True to Mr Hill's past form, the story-telling is a fine old mess. Characters are apt to acquire amazing mathematical and musical powers for the sake of a passing gag; the permanently enraged protagonist is intent on practical jokes, regaining visibility, and world domination in no particular order; and the dialogue ('Think]' 'What with?') would have sounded a bit rusty even to the Wells management. The slapdash impression, though, is a deliberate means of lowering the audience's defences. Enter two news- vendors bawling 'Extra, read all about it'. Stereotyped reign of terror headlines follow. Then on simpers Toni Palmer: 'Sewage inundates Slough; no damage reported.' Miss Palmer and Brian Murphy, playing a prescient clown, are two veterans of Joan Littlewood's Stratford, where spectators get the message ('He ought to rule the world as well as them as does it now') quick enough. In the West End, I fear this show may become a hit with non-English-speaking tourists.

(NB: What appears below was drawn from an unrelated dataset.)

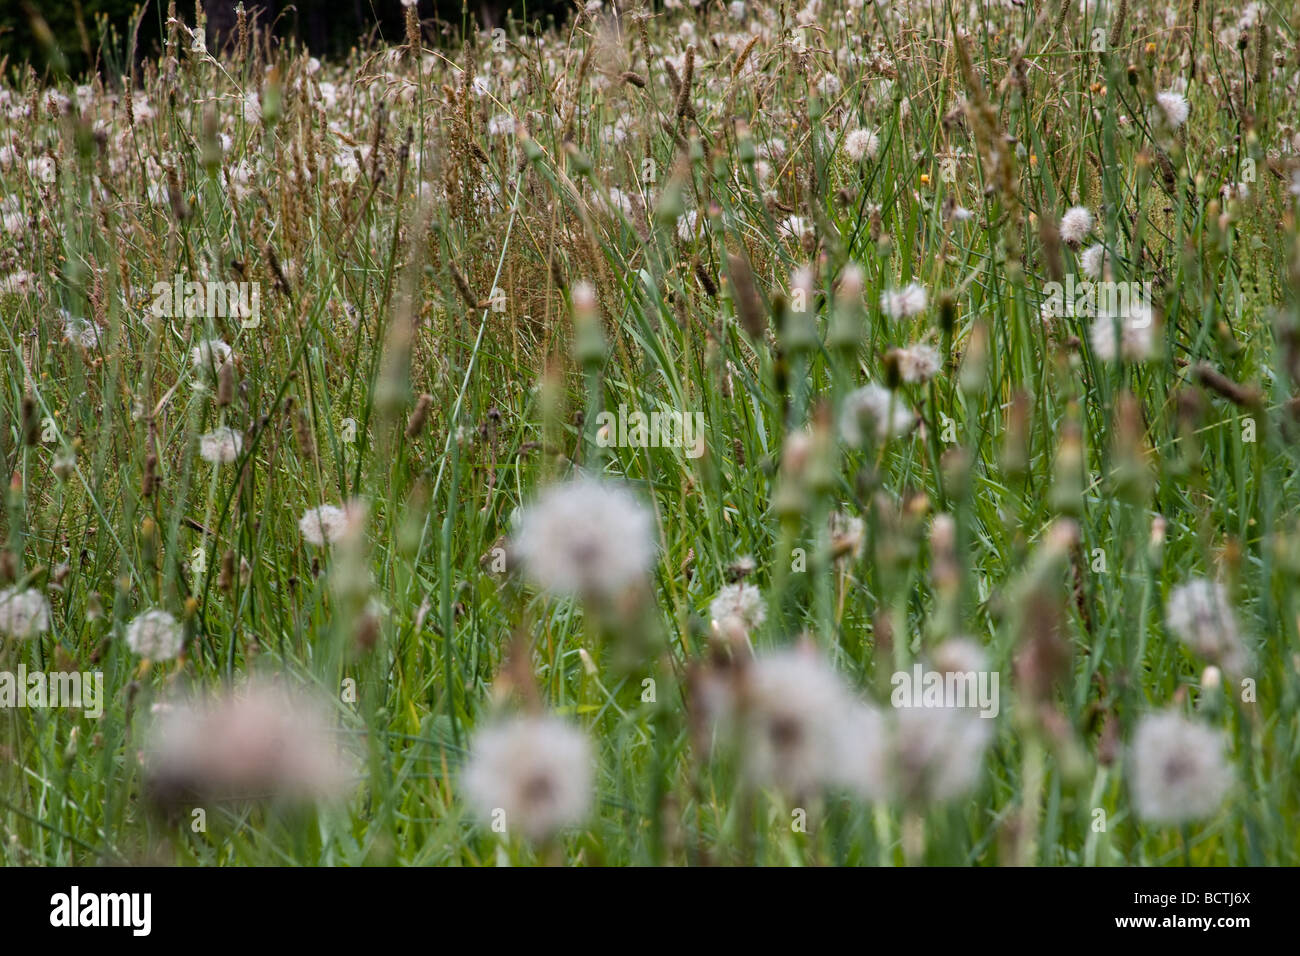 Un campo de diente de león quien una vez florecida ahora se sientan llenos de semillas, dispuestos a dar el Imagen De Stock

Joe Orton's Entertaining Mr Sloane may not quite have made it to the A-level syllabus, but it has long been taken on board by the public Orton meant to outrage. Hence the force of Jeremy Sams's canny revival, which promises an evening of harmless perversion before letting the psychopathic hero loose on his senile victim (Christopher Hancock) with a gardening fork. Ben Daniels's fast, snake-like Sloane looks dangerous from the start. There is nothing remotely sinister about Janet Dale and Ian Gelder as his carnivorous hosts until they have him at their mercy. Until then they offer some deft light comedy playing; after that they prove that Orton can still chill the blood.

'Trelawny': Olivier, 071-928 2252. 'Invisible Man': Vaudeville, 071- 836 9987. 'Mr Sloane': Greenwich, 081-858 7755.